● **DATASET SECTION**:
====

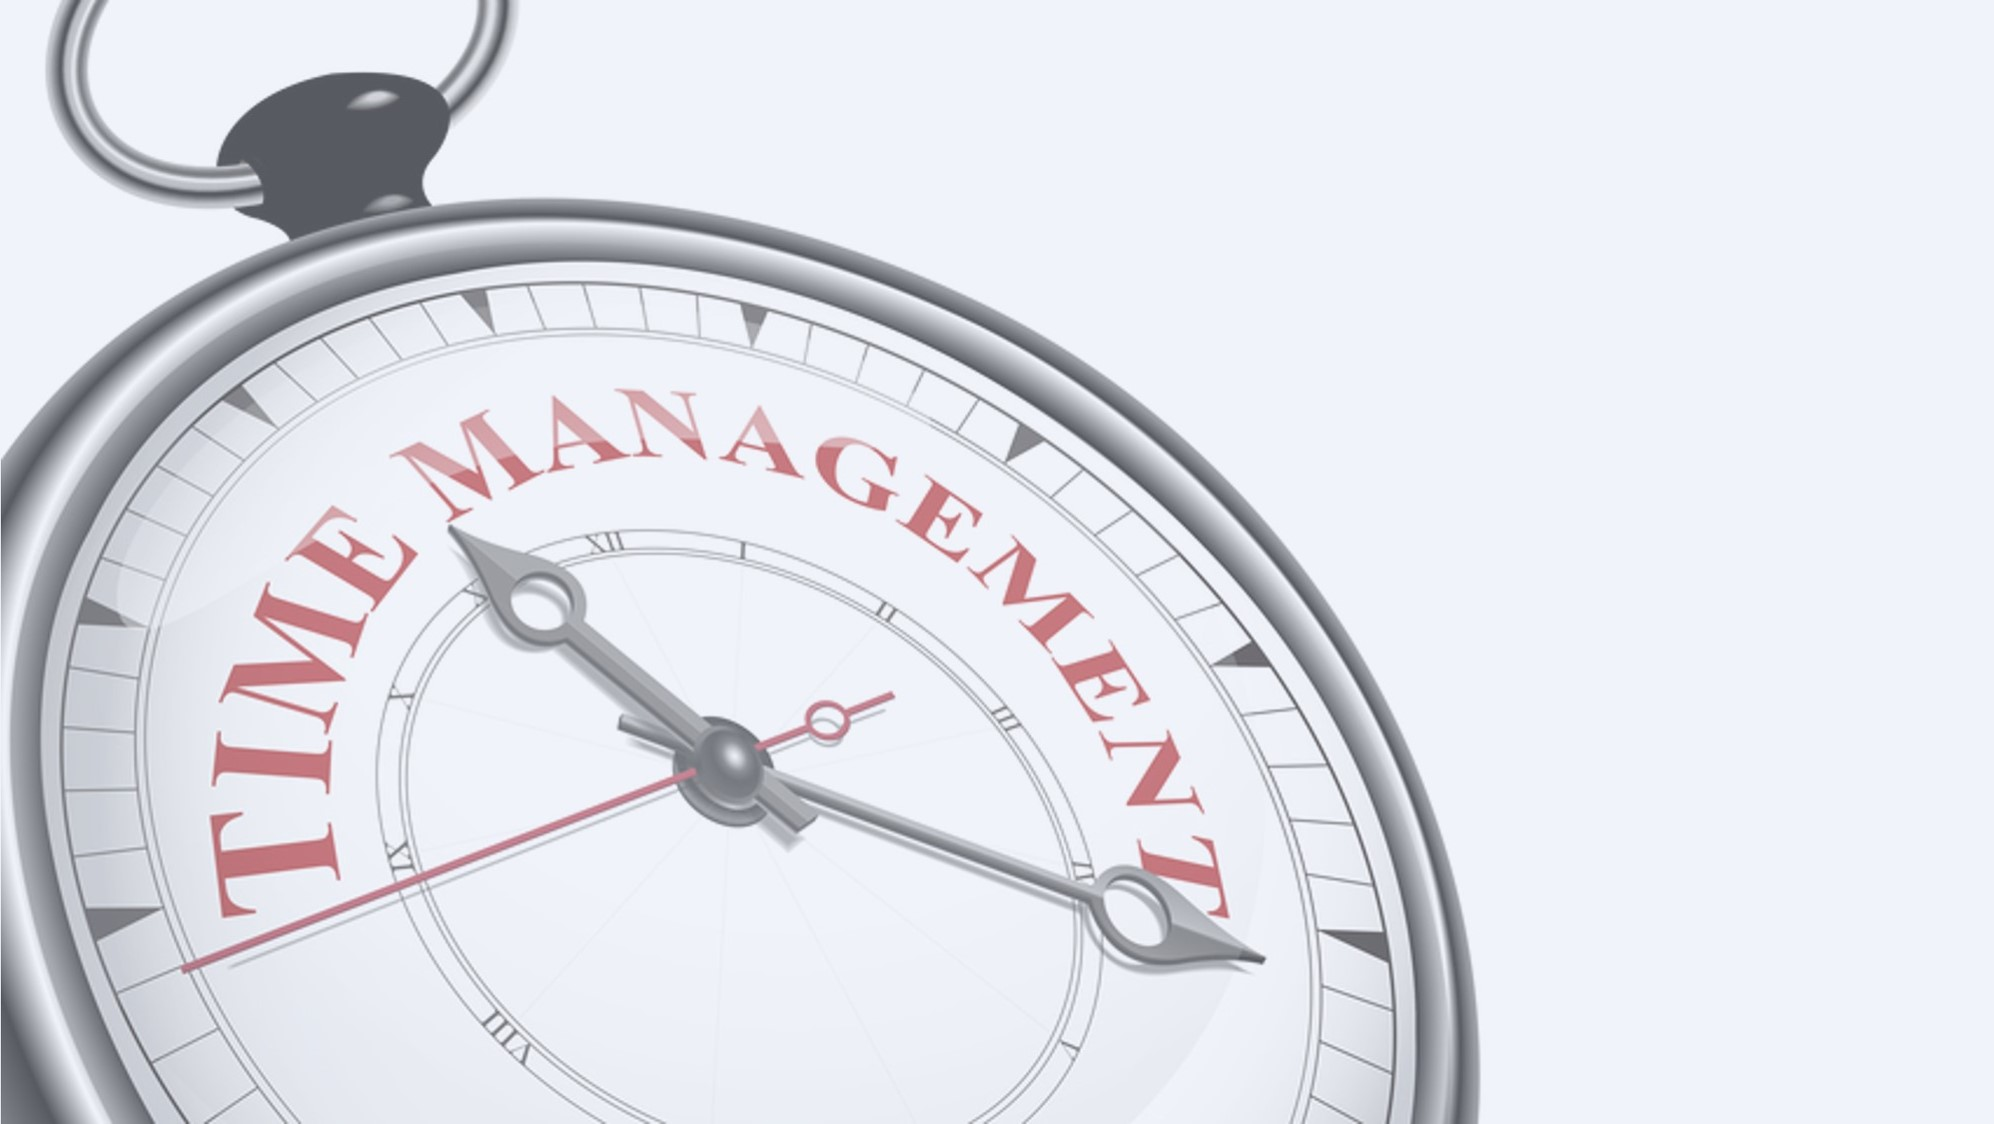 業績アップの秘訣は「緊急ではない」×「重要」なタスクを大切にすること
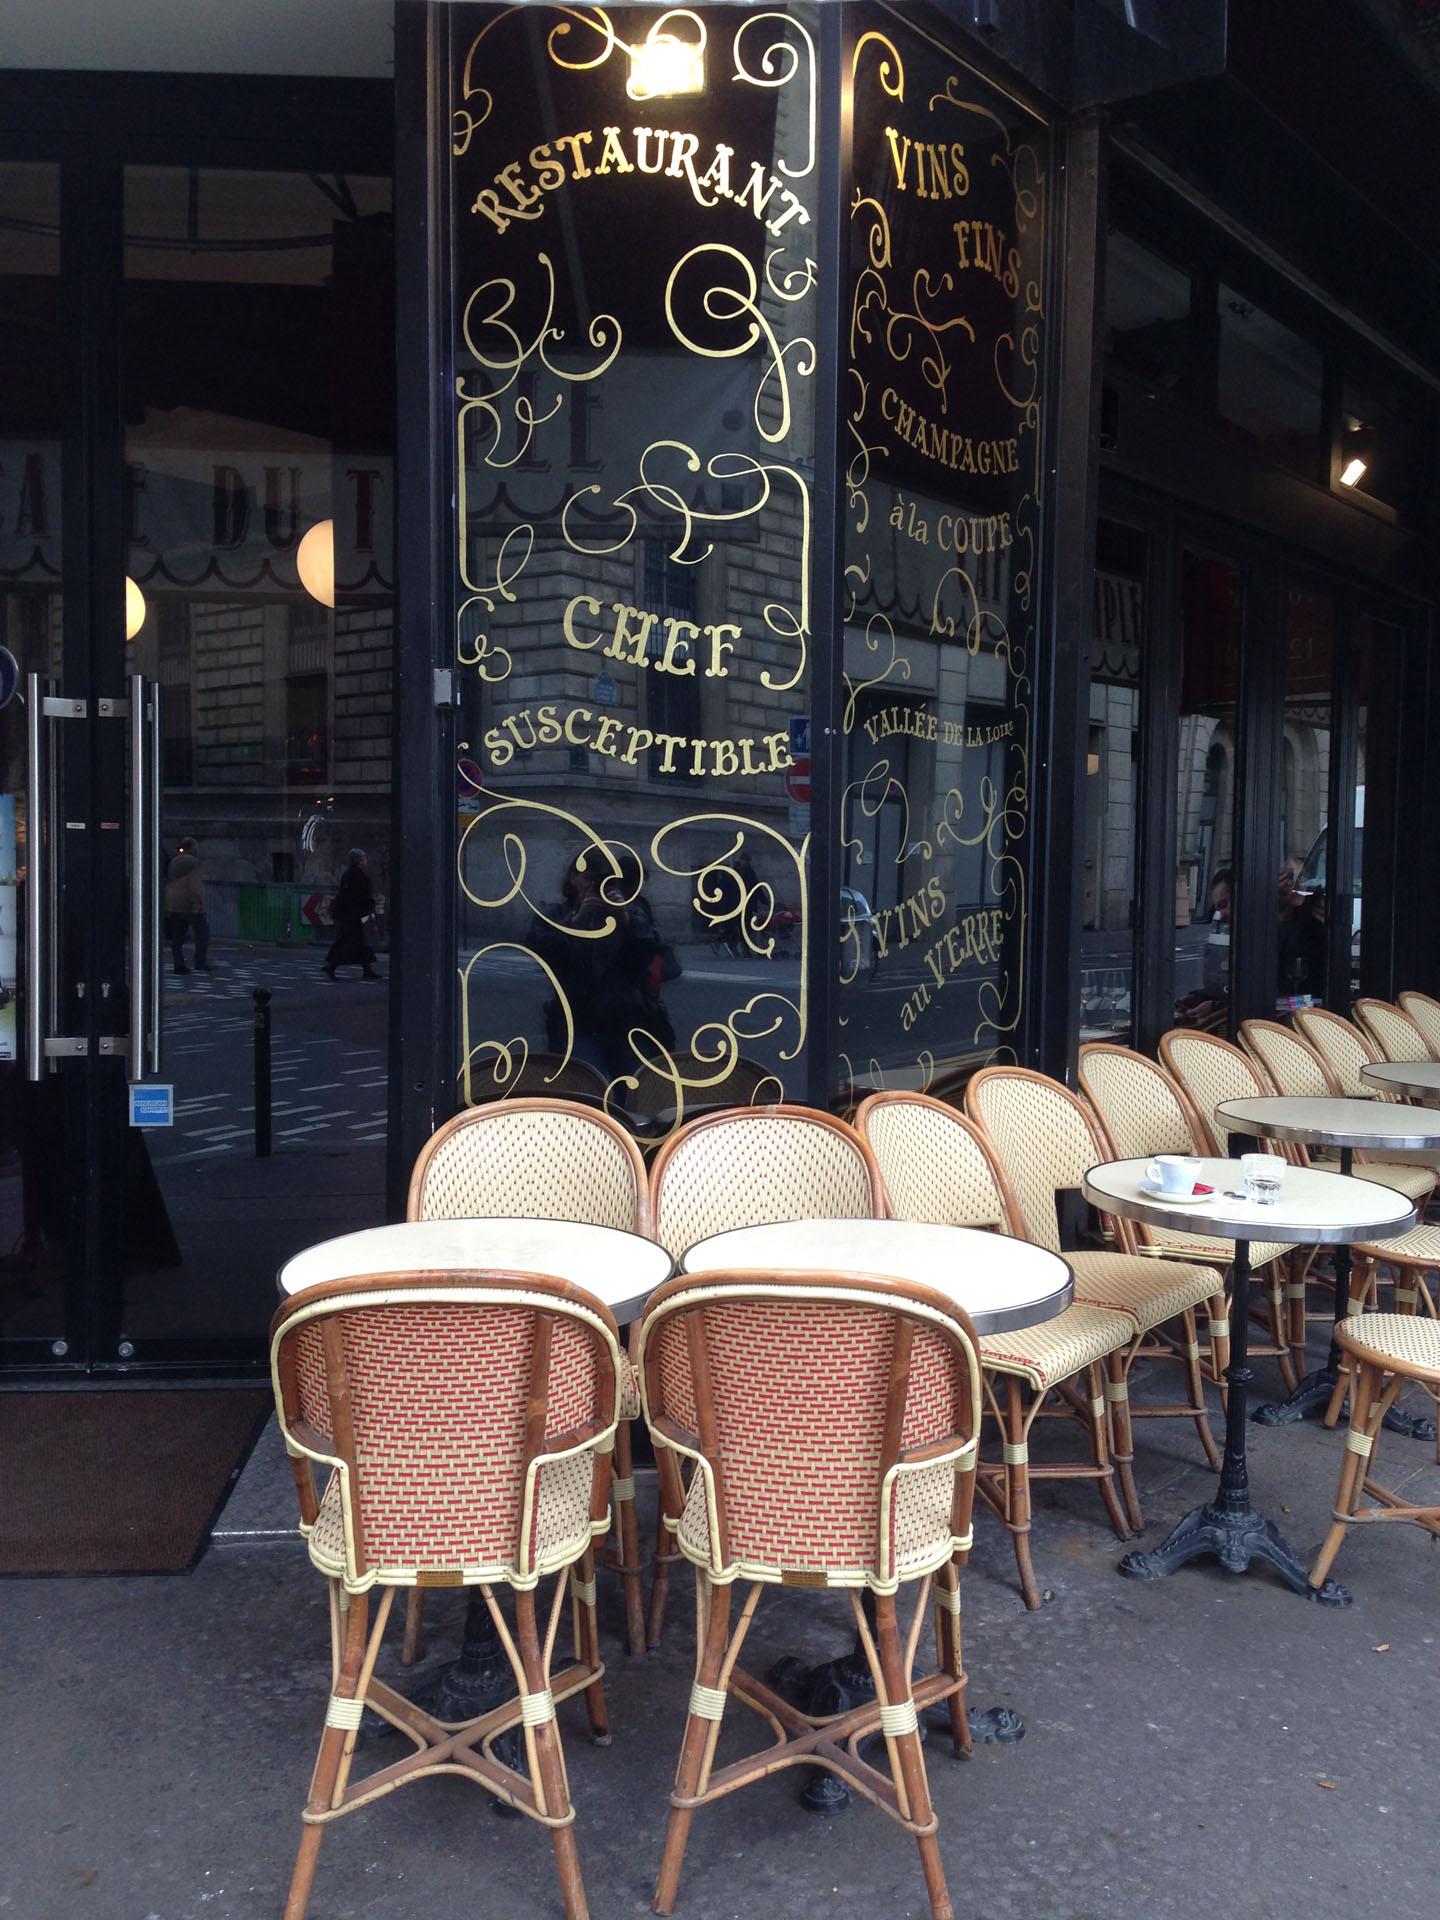 Chef susceptible restaurant in Paris
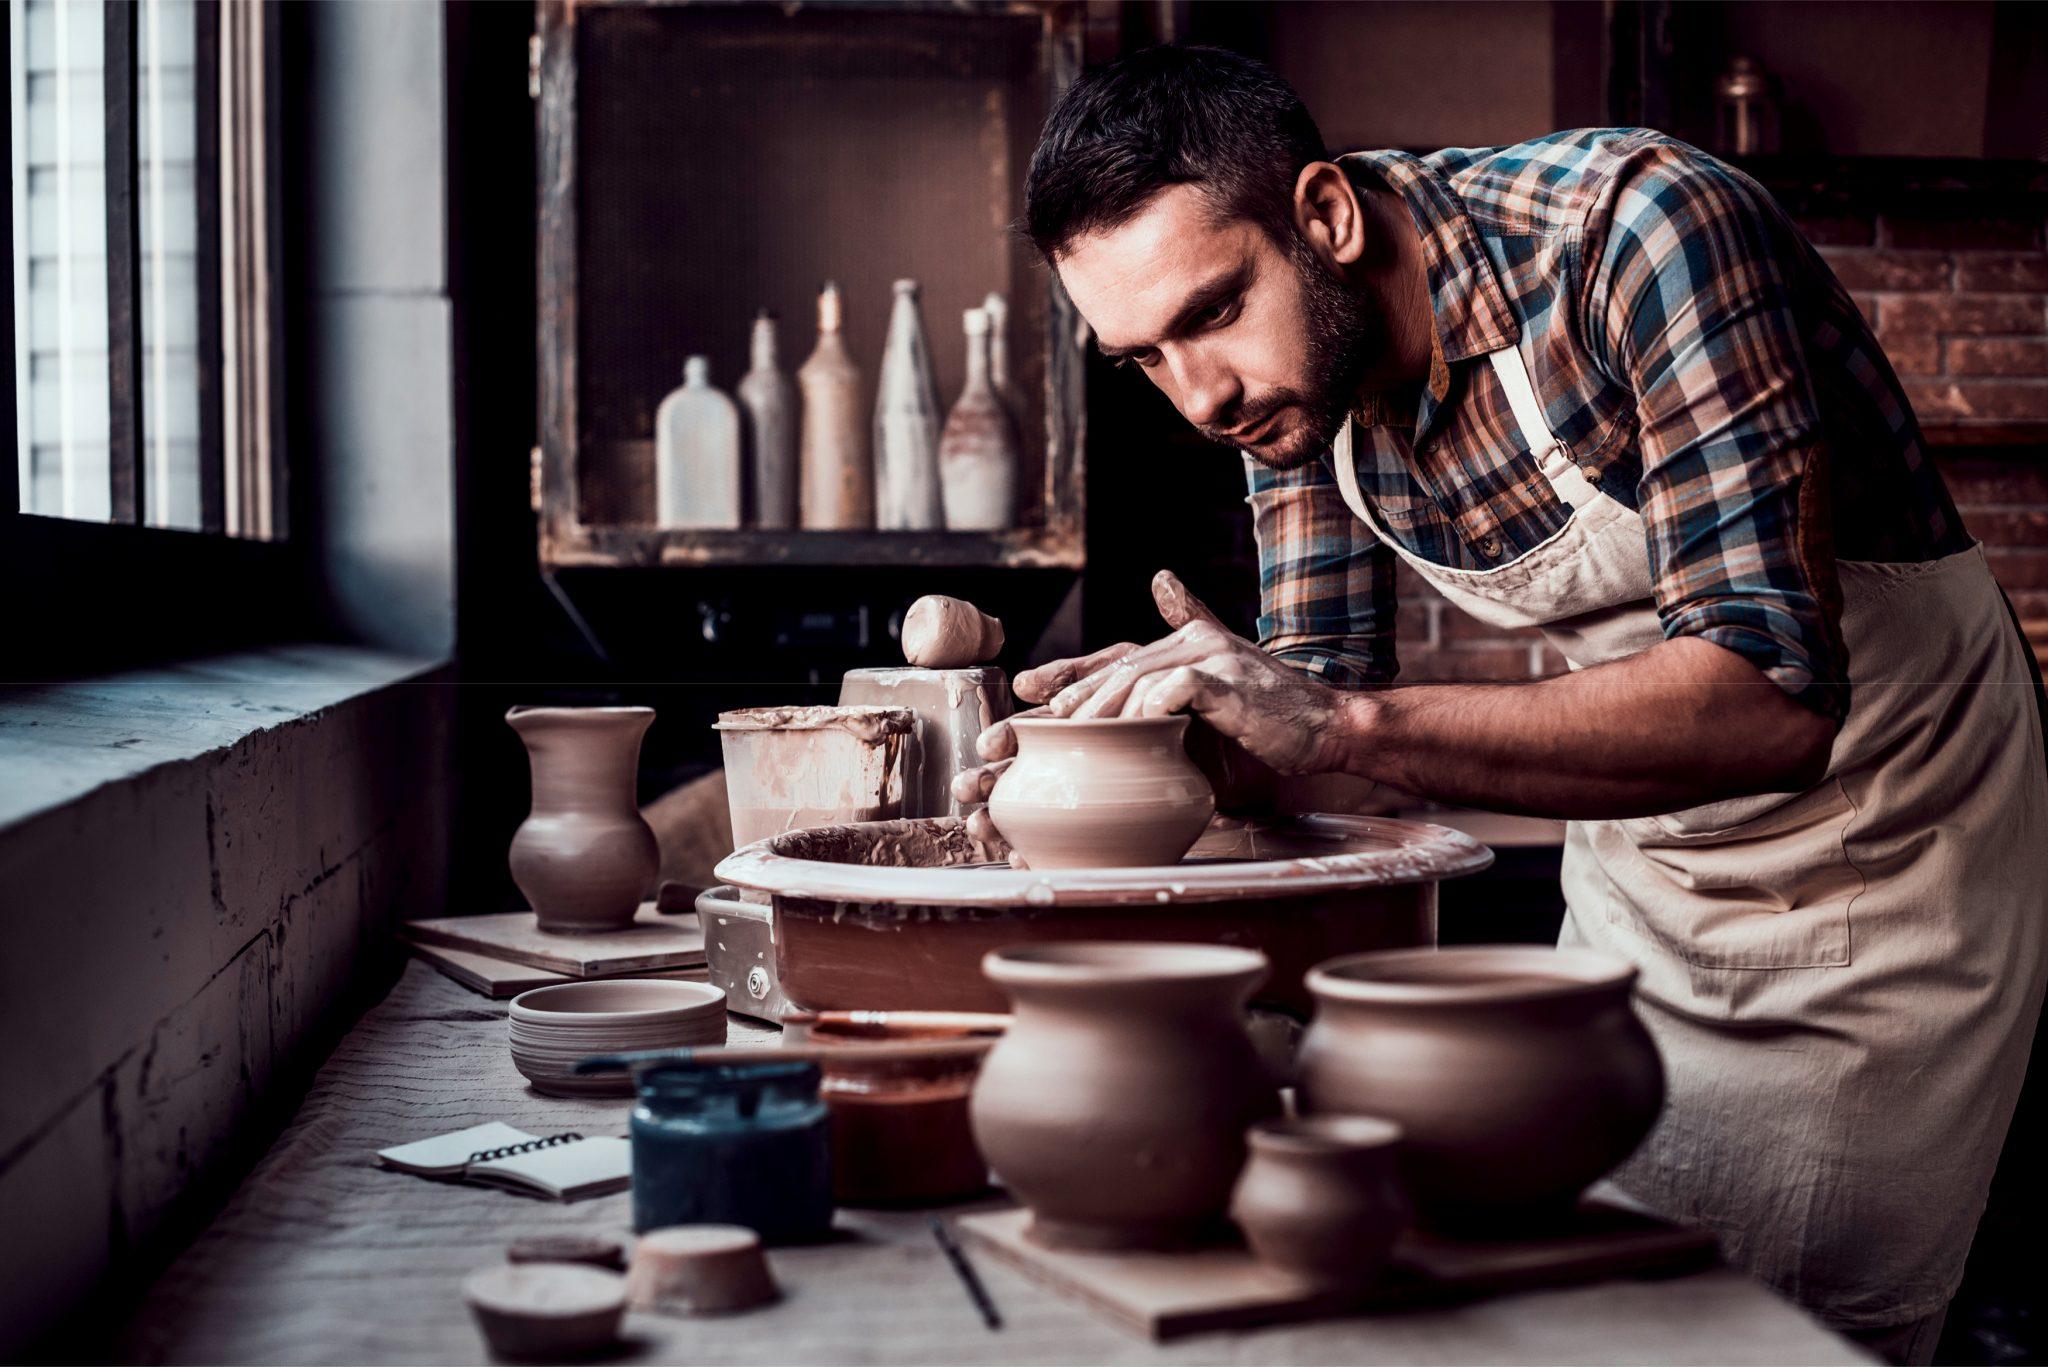 集中して陶芸をしている男性

====

● **PROBLEM**: Set down the whole listing exactly as given, except for the pictures.

● **EXERCISE OUTPUT**:
 業績アップの秘訣は「緊急ではない」×「重要」なタスクを大切にすること
 Chef susceptible restaurant in Paris
 集中して陶芸をしている男性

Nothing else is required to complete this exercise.